Excess & Limiting Reactants persent yield

A.Excess Quantity
A balanced equation describes what should happen in a chemical reaction.

However, the conditions necessary for the reaction to take place may not be present. (ie. pressure, temperature, concentration etc.)

Sometimes it is necessary to add more of one reactant than the equation predicts because it is not possible for every atom/molecule of the reactants to come together.
Ex. One reactant is the Excess Quantity and some of it will be left over, the second reactant is used up completely, and is the limiting reactant.

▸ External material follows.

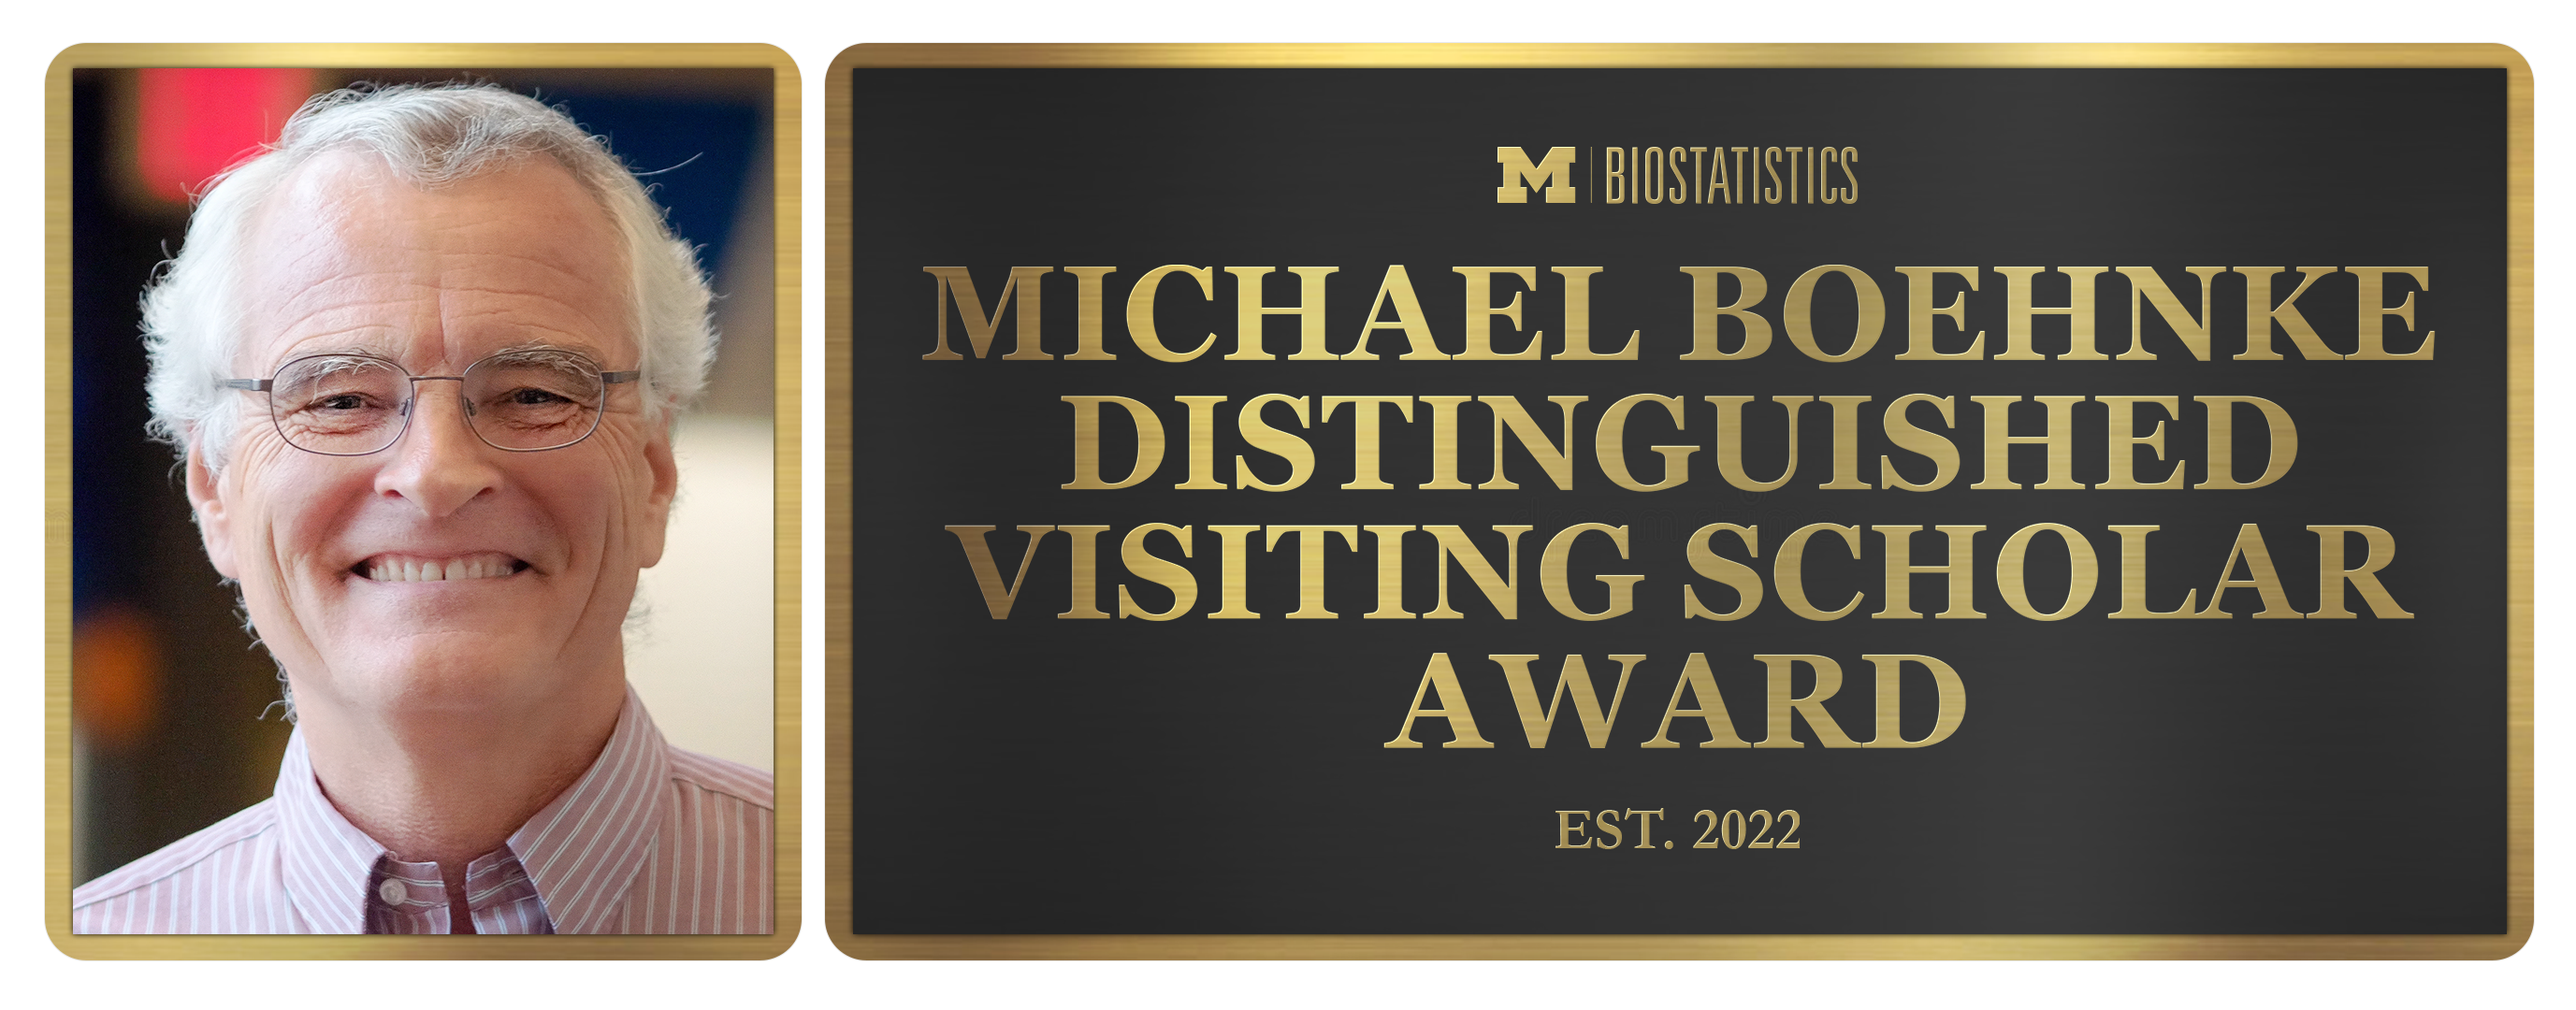 Michael Boehnke Distinguished Visiting Scholar Award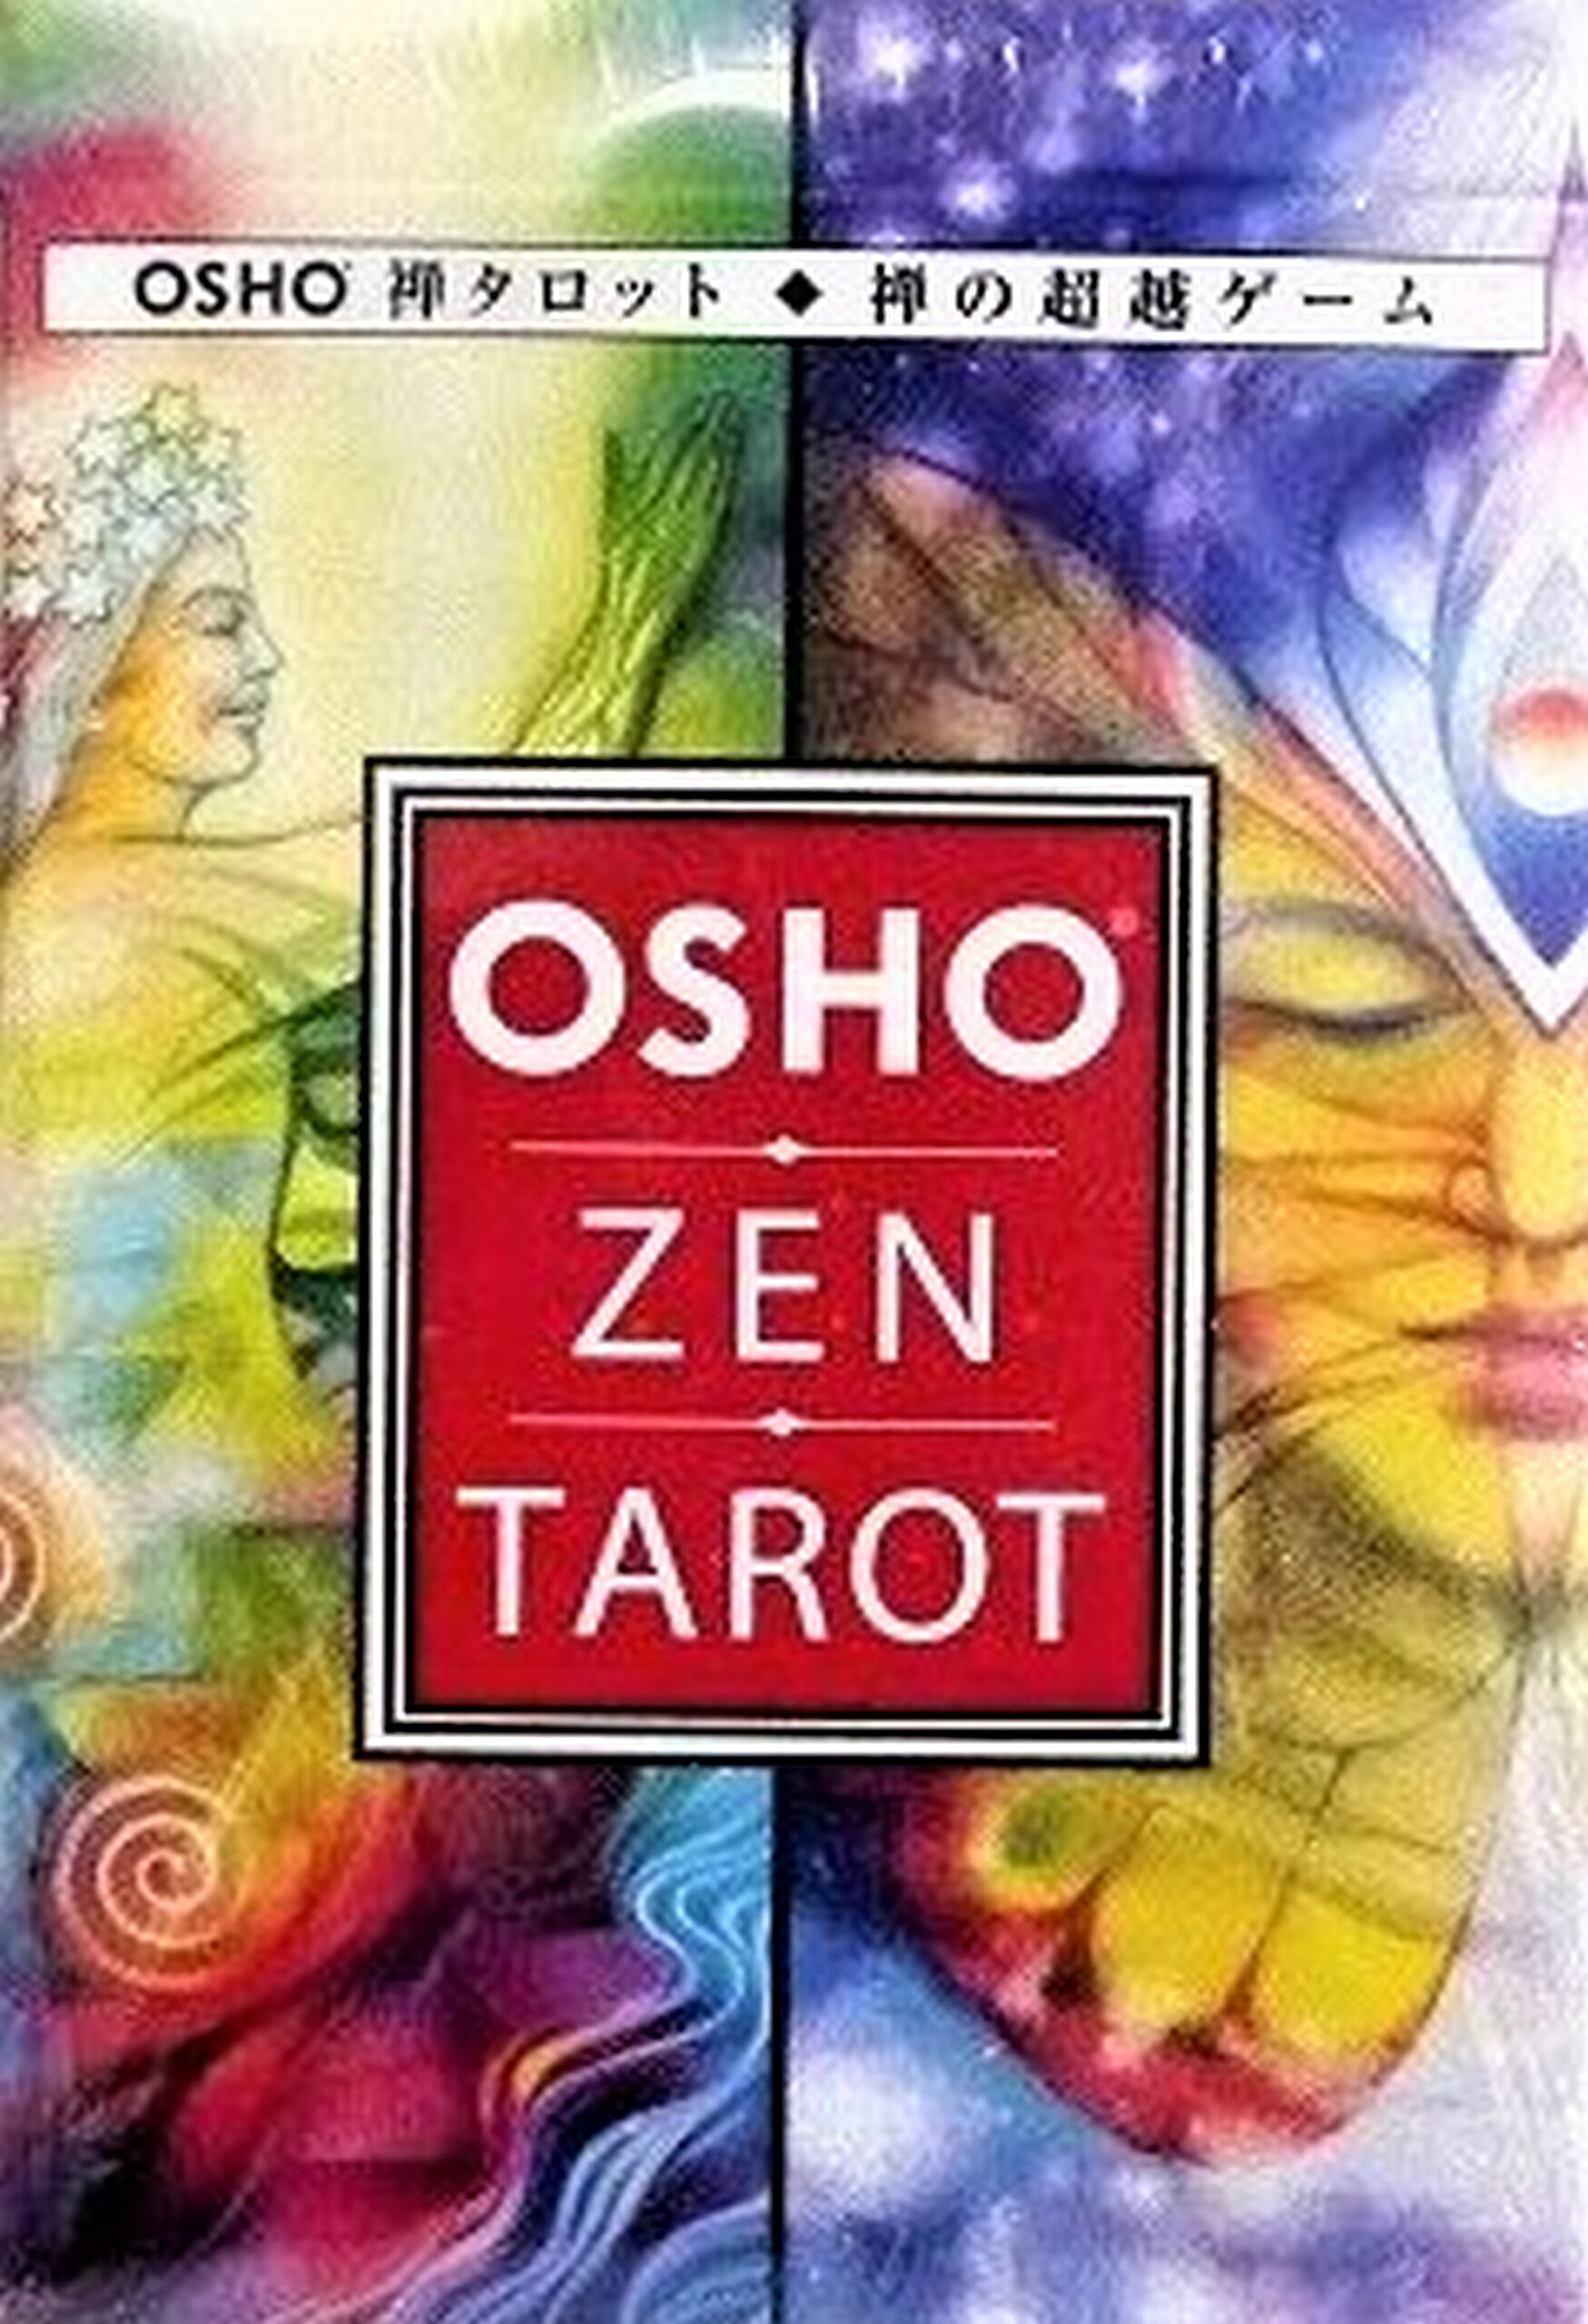 Titel Osho Zen Tarot – Japanese

B.Excess quantities in chemical reactions.
Ex1. How many grams of OCl2 will be formed when 44.0 g of O2 reactant with 97.0g of Cl2

(*General Process: Convert both reactants to the desired product & the smaller amount of product will actually be produced.)

Step1: Balanced equation.
O2(g) +2 Cl2(g) → 2OCl2(g) 

Step2: Convert Cl2 to OCl2
97.0 g ×1mol Cl2/71g × 2mol OCl2/2mol Cl2 × 87.0g/1mol OCl = 118.86 g OCl2

Step3: Convert O2 to OCl2
44.0g × 1molO2/32g ×2mol OCl2/1mol O2 × 87.0g/1mol OCl = 239.25g OCl2
Because 97.0g of Cl2 reacts to produce the smaller amount of product. Cl2 is limiting quantity and O2 is excess quantity. 119g is the mass of product.

Ex2. 
41g O2 reacts of 164g of Cl2, Which is EXCESS quantity? Which is Limiting quantity? How many grams of the excess quantity will be used?
Step1:
O2(g) +2 Cl2(g) → 2OCl2(g) 
41.0g       164g
(*General process: Convert ONE of products to the other reactant to see which excess and which is limiting. Determine which is left over and by how much. It may involve another conversation)
Step2:
To find which reatant is in excess calculate how many grams of Cl2 gas would be required to react with 41.0g of O2.
41g O2 × 1mol O2/32.0gO2 × 2mol Cl2/1mol H2 × 71.0g Cl2/1mol Cl2= 181.93g=182g Cl2

Since there are only 164g of Cl2 gas, not all O2 can react. Thus Cl2 is limiting quantity and O2 is excess quatity.

Step3: Convert Cl2 to O2 to see how much O2 would be needed to react with 164g of Cl2.
164g Cl2 × 1mol Cl2/71.0g Cl2 × 1mol O2/2mol Cl2 × 32.0g/1mol O2 = 36.958=37.0 g O2

37.0g of O2 would react with 164g of Cl2.